## What you will do
This exercise requires an exact output of the listing, images omitted.

## Exercise data
::::

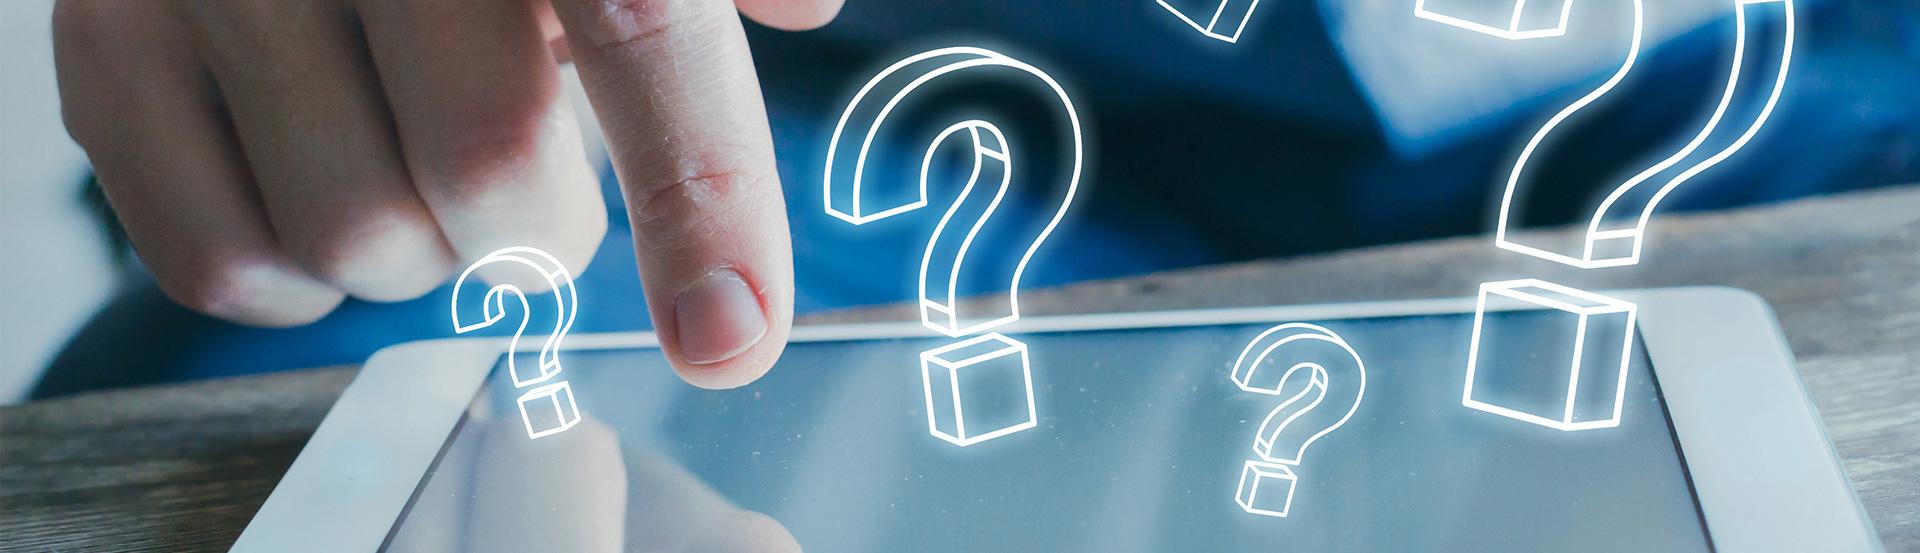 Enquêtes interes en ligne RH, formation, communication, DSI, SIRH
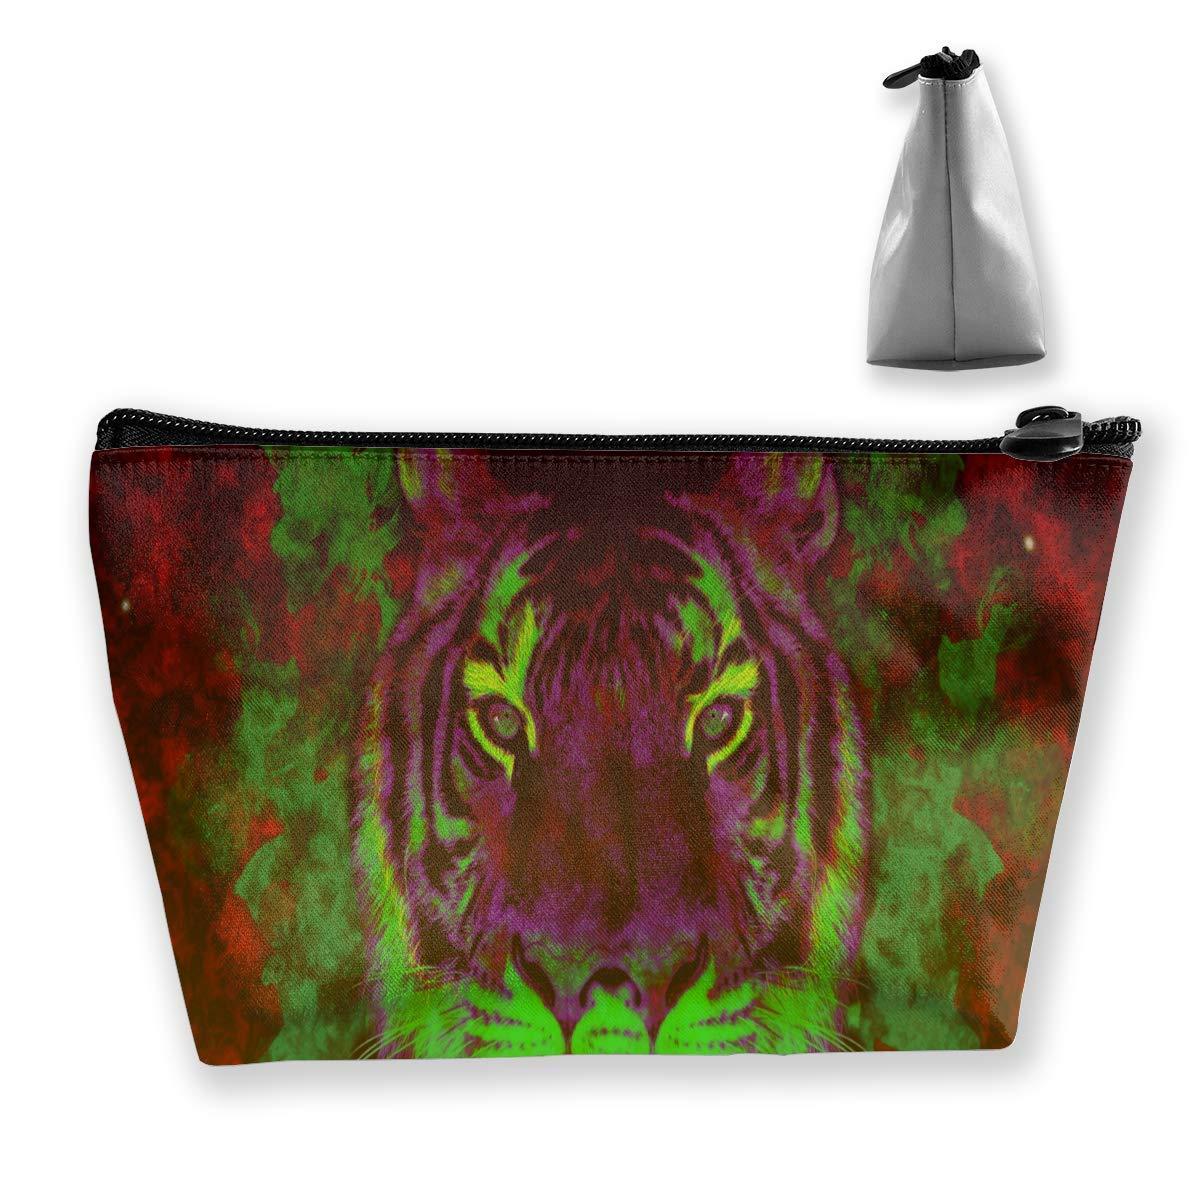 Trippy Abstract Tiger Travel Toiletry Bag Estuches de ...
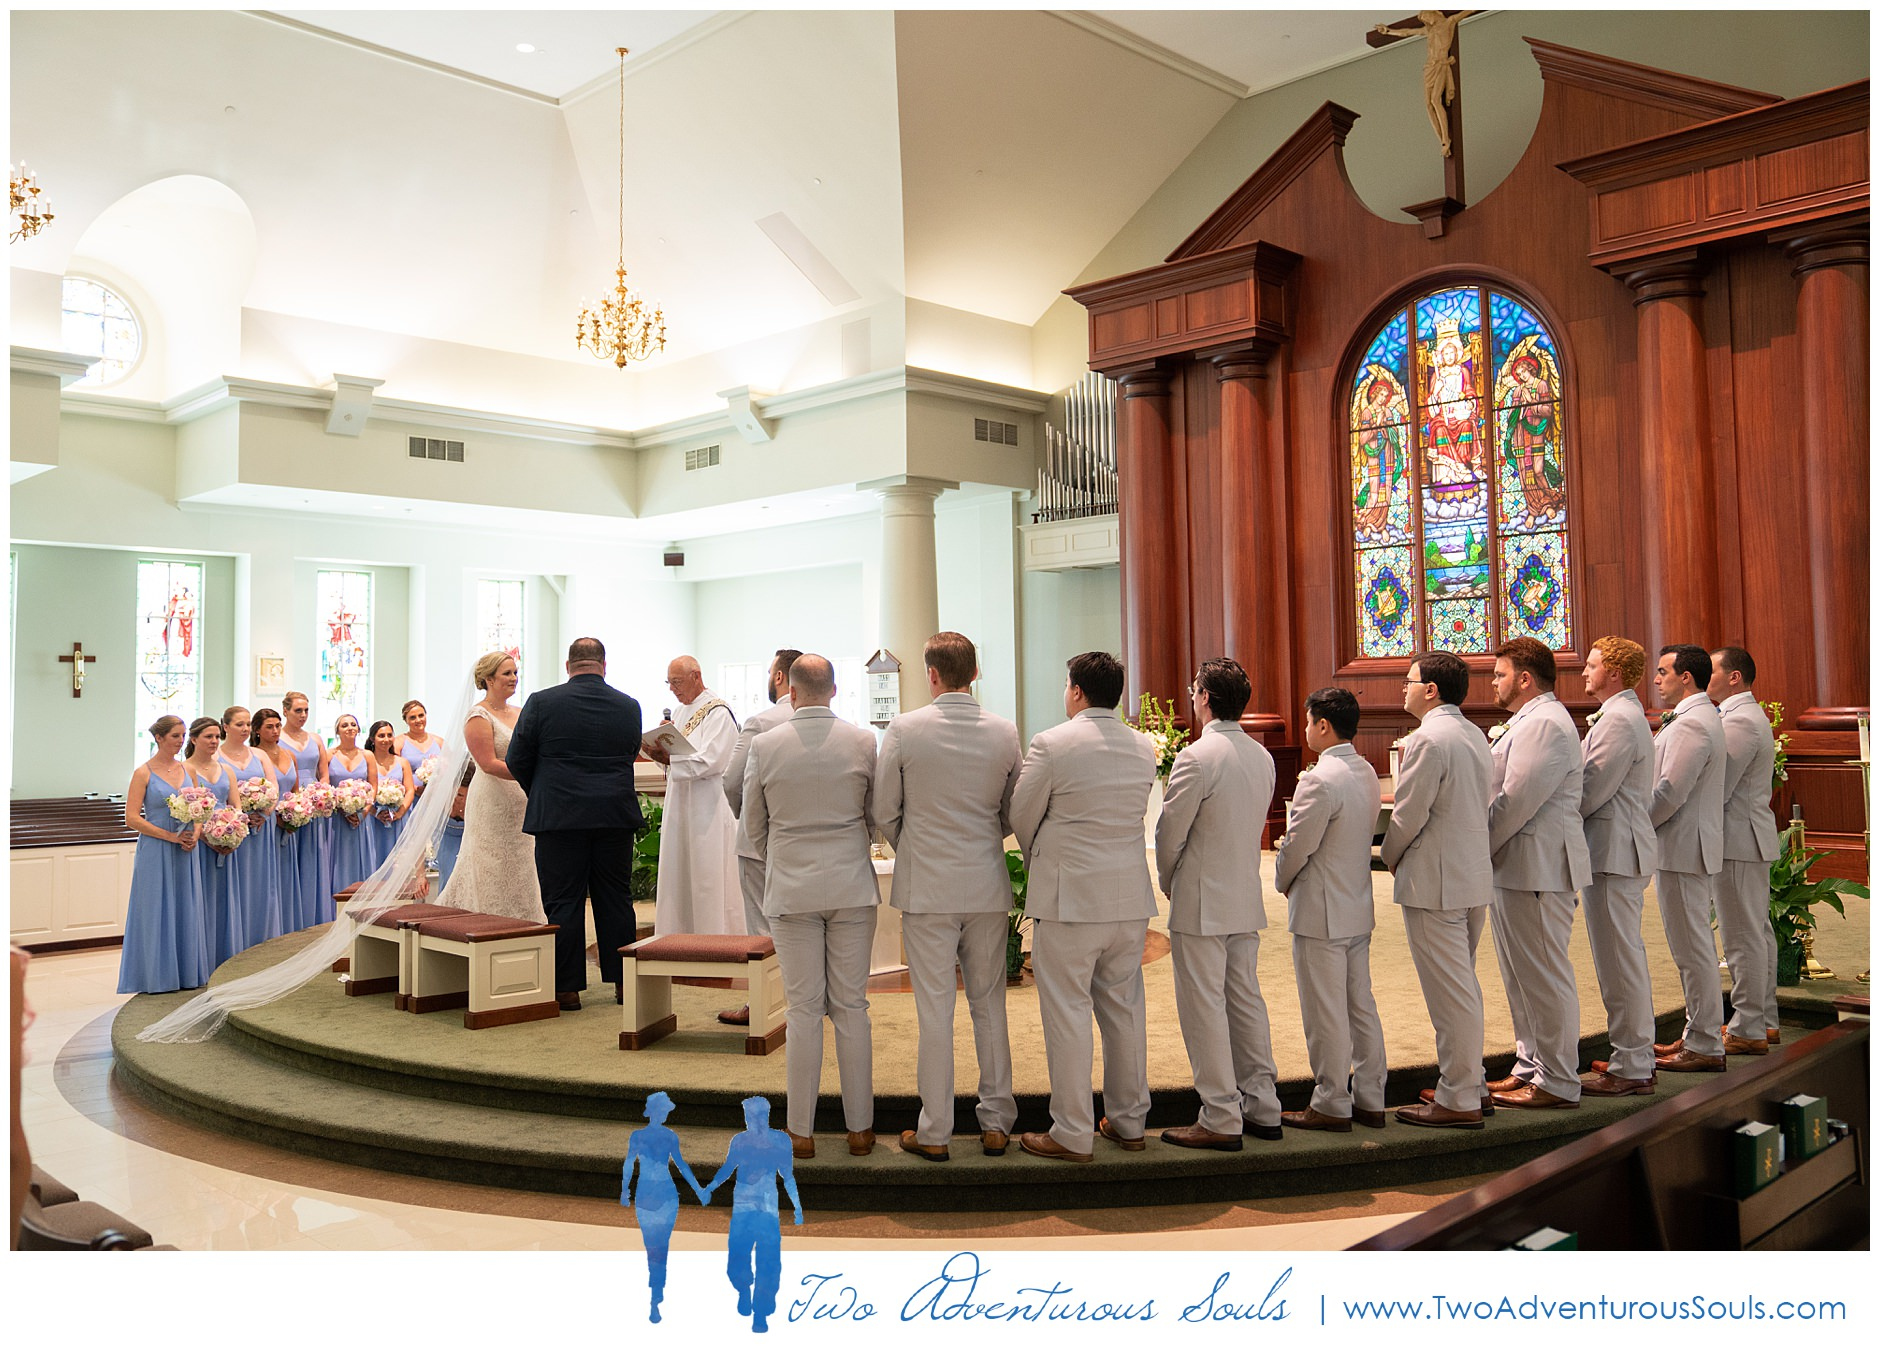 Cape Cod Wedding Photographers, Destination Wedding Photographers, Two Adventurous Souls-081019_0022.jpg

::::

## Answer box
 Enquêtes interes en ligne RH, formation, communication, DSI, SIRH
 Trippy Abstract Tiger Travel Toiletry Bag Estuches de ...
 Cape Cod Wedding Photographers, Destination Wedding Photographers, Two Adventurous Souls-081019_0022.jpg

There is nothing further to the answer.